Stimulating ideas aside, Dermer has an issue with the ‘toxic’ chemicals that compose most chemotherapies. He mentions that some of these are derived from mustard gas, which is pure scare-mongering. There are several parts of the book where he criticises such treatment of cancer, sometimes even suggesting that untreated cancer would make a more dignified cause of death. Such statements show that Dermer is a pathologist and not a clinician, since my understanding (from clinicians) is that untreated cancer is a horrible way to go. It was while reading these sections that I worried that Dermer would best be classified as a maverick crackpot (of which cancer research has several). However, just because not all of someone’s opinions make sense, doesn’t mean that they don’t have anything useful to say. For example, I am reminded of Mikhail Blagosklonny, who is a bit quirky, by all accounts, but who has some provocative ideas about the biology of ageing — including cancer. There are intriguing parallels between the pre-cell line model of cancer (according to Dermer) and the hyperfunction theory of ageing, for example; through the theories’ common emphasis on the role of development and differentiation.

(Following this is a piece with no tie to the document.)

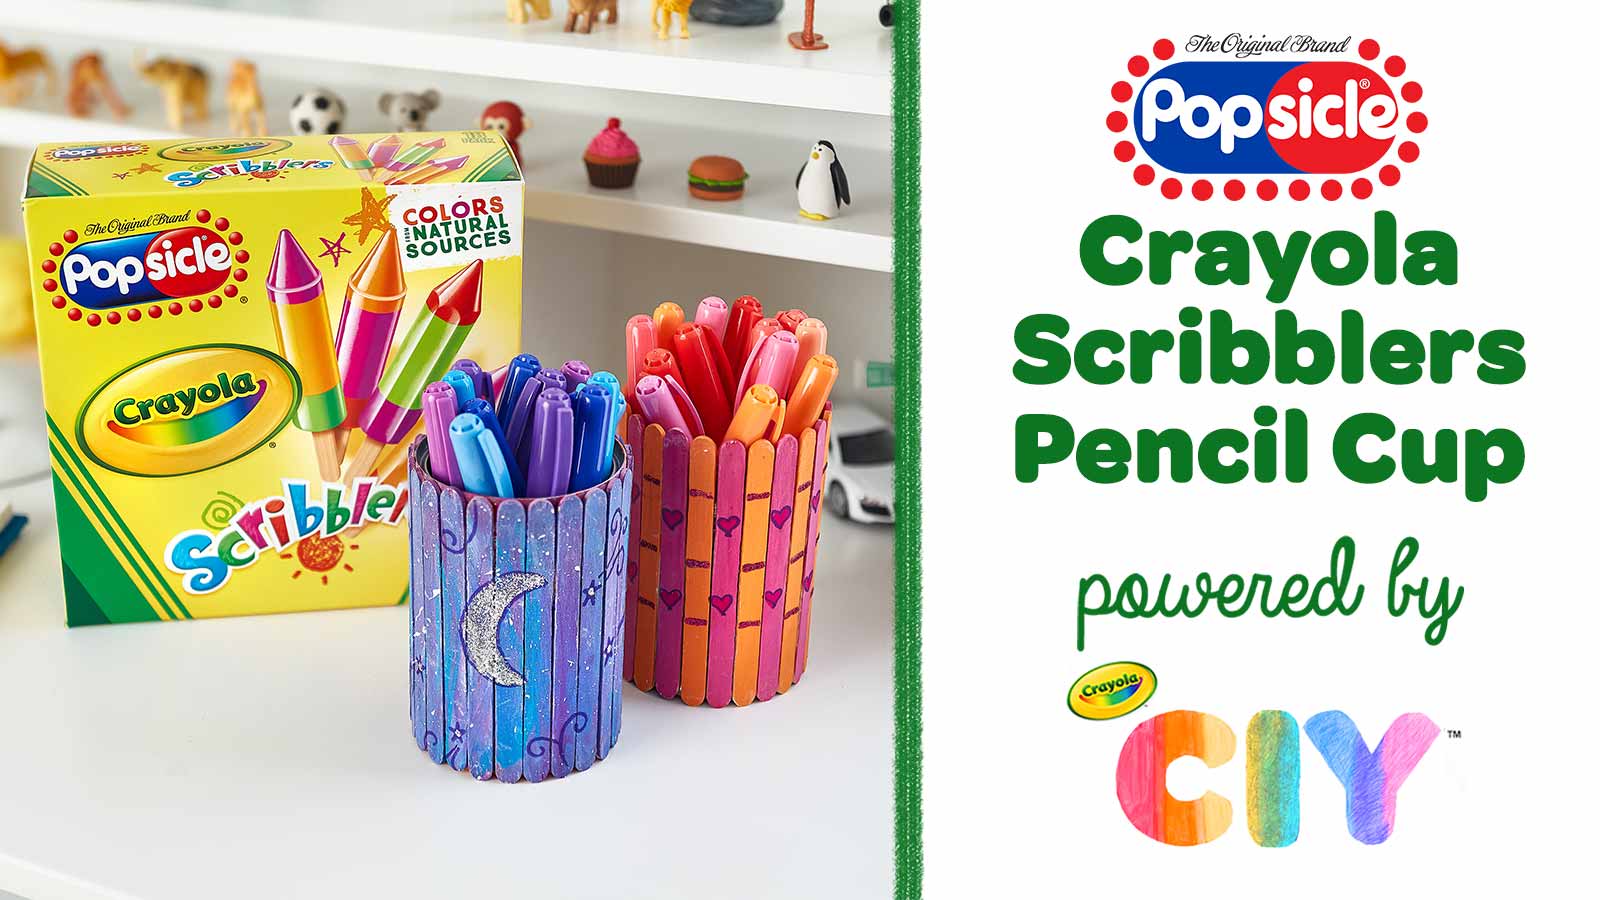 https://www.crayola.com/-/media/Crafts-New/Poster-Frames/Crayola-Scribblers-Popsicle-Stick-Pencil-Cup_Poster-Frame/FINAL-Crayola-Scribblers-Popsicle-Stick-Pencil-Cup_Poster-Frame.jpg

For anyone who is interested in the history of science and/or cancer biology (and with some knowledge of the field(s), and an open mind), I would definitely recommend this book. It is out of print, but a Kindle version is available. It is well-written, and can easily be read in one or two sittings.
Overall, I really enjoyed the book, and it has provided me with some definite food for thought. Perhaps this is confirmation bias, but I think Dermer’s main points are correct: that cell lines make poor models of human cancer, and that it’s important to ask the right questions (by using the right models, or acknowledge their limitations) when doing any kind of research. The latter is common sense. Perhaps we need more of that in science, and in society more generally.
To begin with, we can change the incentives that pervert the scientific enterprise by valuing quantity over quality. Let us make scientific research less of a scramble up the academic career ladder, and more about a job where you get to spend your days thinking about cool ideas and the best way to test them — and then doing just that.